Только несколько часов остается еще до отъезда нашего из Иерусалима. Можно без умиления и особенного волнения въехать в Иерусалим, но нельзя без тоски, без святой и глубокой скорби проститься с ним, вероятно, навсегда. Тут чувствуешь, что покидаешь место, не похожее на другие места, но покидаешь Святой Град, что святой подвиг совершен и уже заплескала и зашумела волна, которая тебя унесет и бросит в пучину житейских забот и искушений и во все мелочи и дрязги, составляющие мирскую жизнь; мне же всегда грустно покинуть место, где я без беды провел некоторое время. К грусти присоединяется и досада, что я нехорошо умел воспользоваться протекшим временем, что растратил впустую много часов и не извлек всего, что мог извлечь. И в пребывании моем здесь погибло много дней, а здесь каждый час должен быть дорог и запечатлен в памяти ума, чувства и души.
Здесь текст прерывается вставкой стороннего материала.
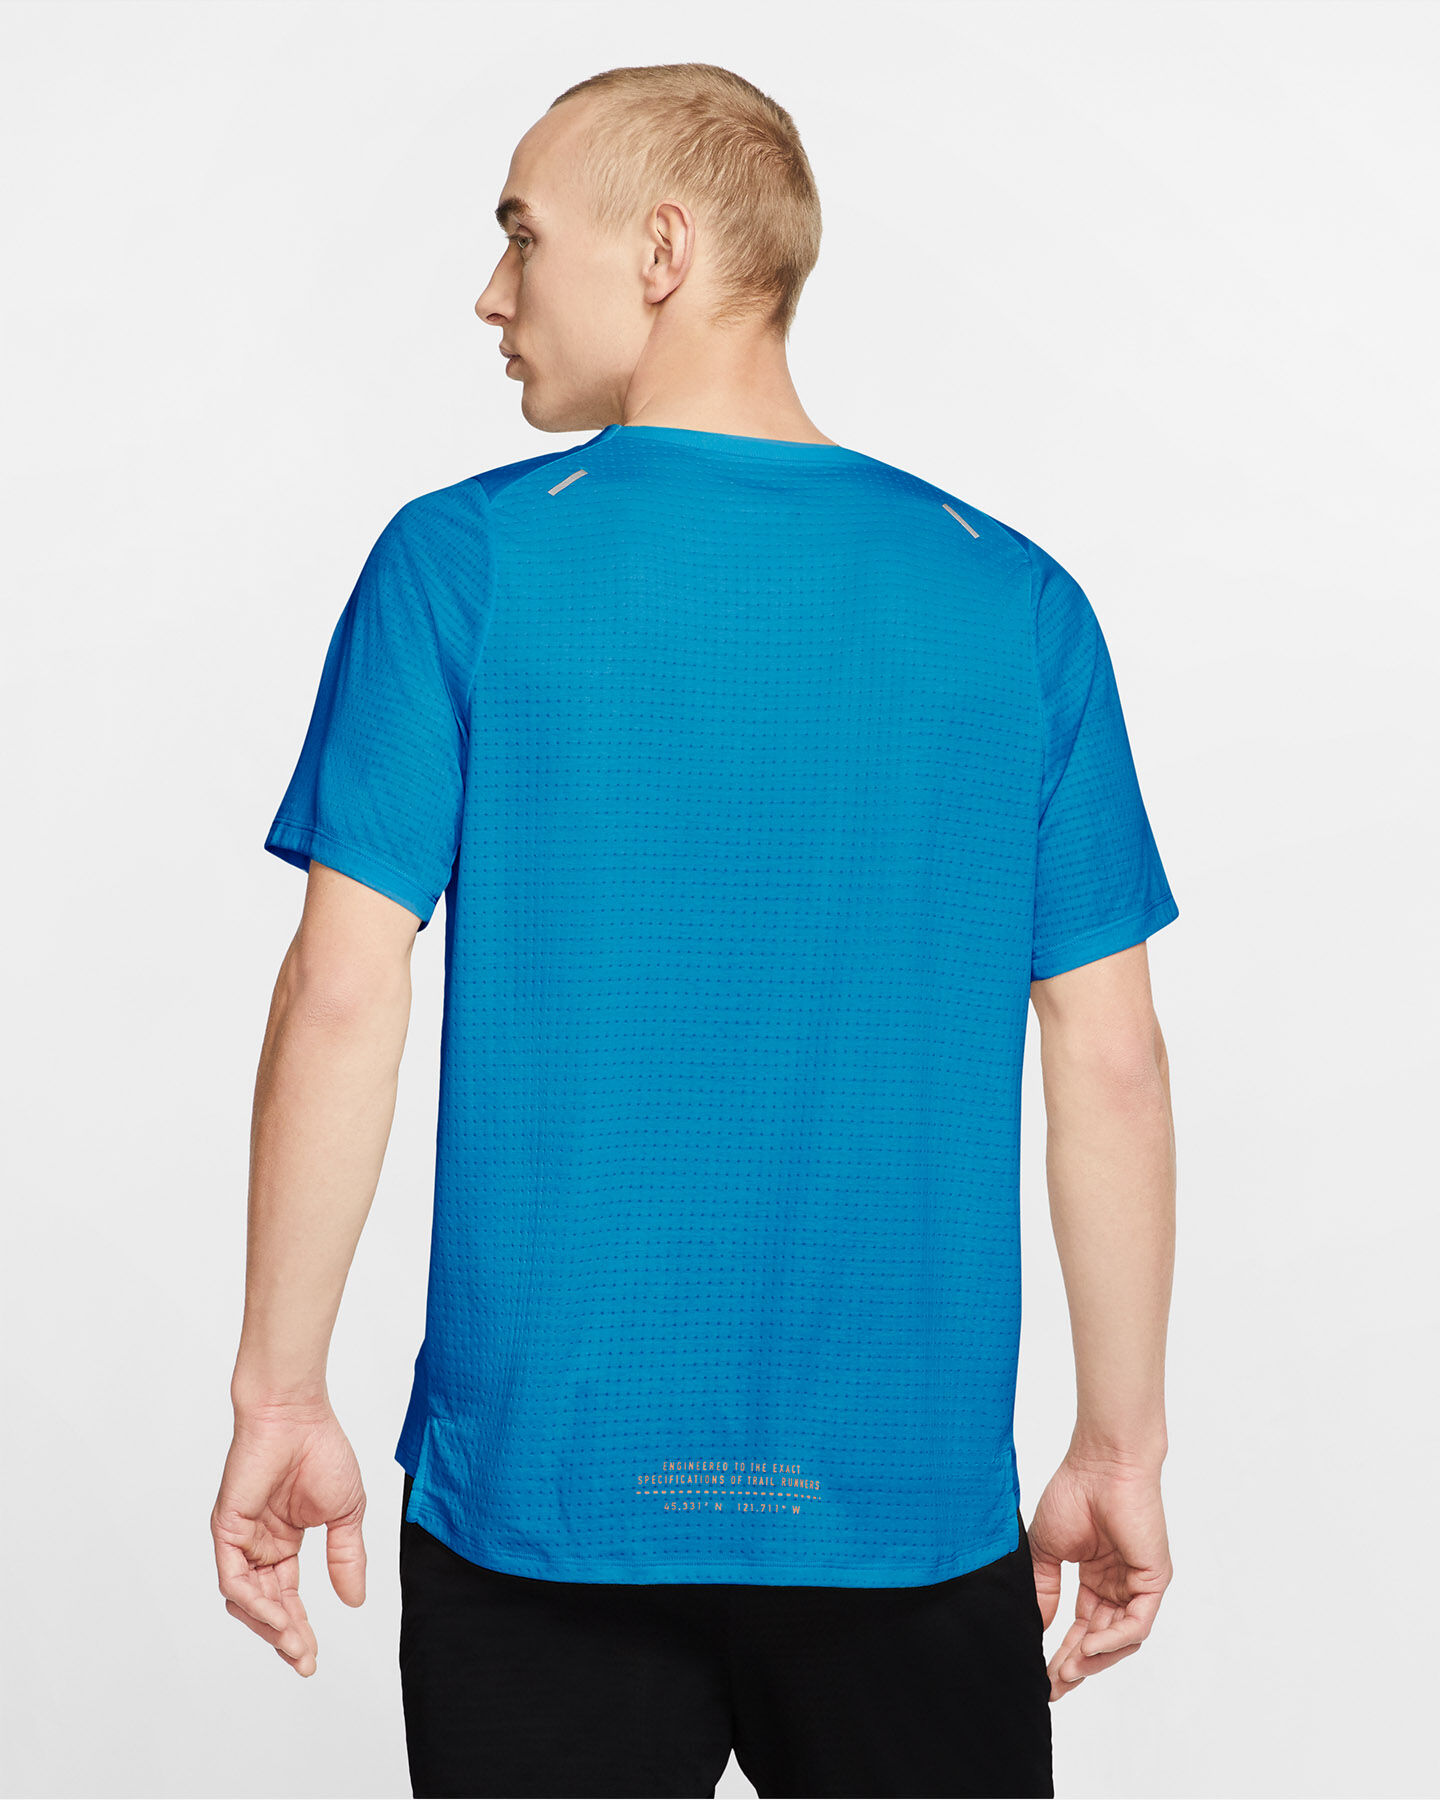  T-Shirt running NIKE RISE 365 TRAIL M S5225209|446|S scatto 3

Отец Вениамин отслужил нам напутственное молебствие на Гробе Господнем. Попрощался я с Иерусалимом: ездил верхом, выехал в Яффские ворота, спустился в Гигонскую долину, заходил в Гефсиманскую пещеру, где Гроб Божией Матери. Мимо Дамасских ворот возвратился через Яффские. Нервы мои были расстроены от разного тормошения, дорожных сборов, и потому не простился я с Иерусалимом в том ясном и спокойном духе, с каким надлежало бы. Но прекрасный заход иудейского солнца, которое озлащало горы, умирило мои чувства и наполнило душу мою умилением. Сумрак долин и освещение гор и городских стен – вот последнее отразившееся во мне впечатление. Завтра в пятом часу утра думаем выехать из Иерусалима.
Среда, 24 мая
Думали выехать в пятом часу, а выехали в семь. С дорожными сборами и отъездами бывает то же, что с обедами бедного Михаила Орлова, на которые жалуясь, бедный Евдоким Давыдов – о ком ни вспомнишь, все покойники, – говорил, что Орлов обедает в четыре часа в шестом. На последнем пригорке, с которого виден Иерусалим, слез я с лошади и поклонился с молитвой в землю, прощаясь с Иерусалимом как с родной могилой. И подлинно, Иерусалим – могила, ожидающая воскресения, и, как воскресение Лазарево, совершится оно еще на земле. Как поживешь во Святом Граде, проникнешься убеждением, что судьбы его не исполнились. Тишина в нем царствующая есть не тишина смерти, а торжественная тишина ожидания.
Мы ехали очень хорошо, и даже трудный переход через горы показался мне гораздо легче, нежели в первый раз. Обратный путь, как уже знакомый, всегда менее тягостен, да тут и более спускаешься, чем подымаешься. Я в этот раз успел даже разглядеть зелень деревьев, растущих по бокам гор, и нашел, что край вовсе не так дик и безжизнен, как показался он мне в первый раз. К тому же, по всем разъездам и прогулкам заиерусалимским, так привыкнешь к беспрерывным восхождениям и нисхождениям по крутизнам скал, мимо пропастей и над пропастями, что вовсе забудешь, что есть на свете лощины и прямые и плоские дороги.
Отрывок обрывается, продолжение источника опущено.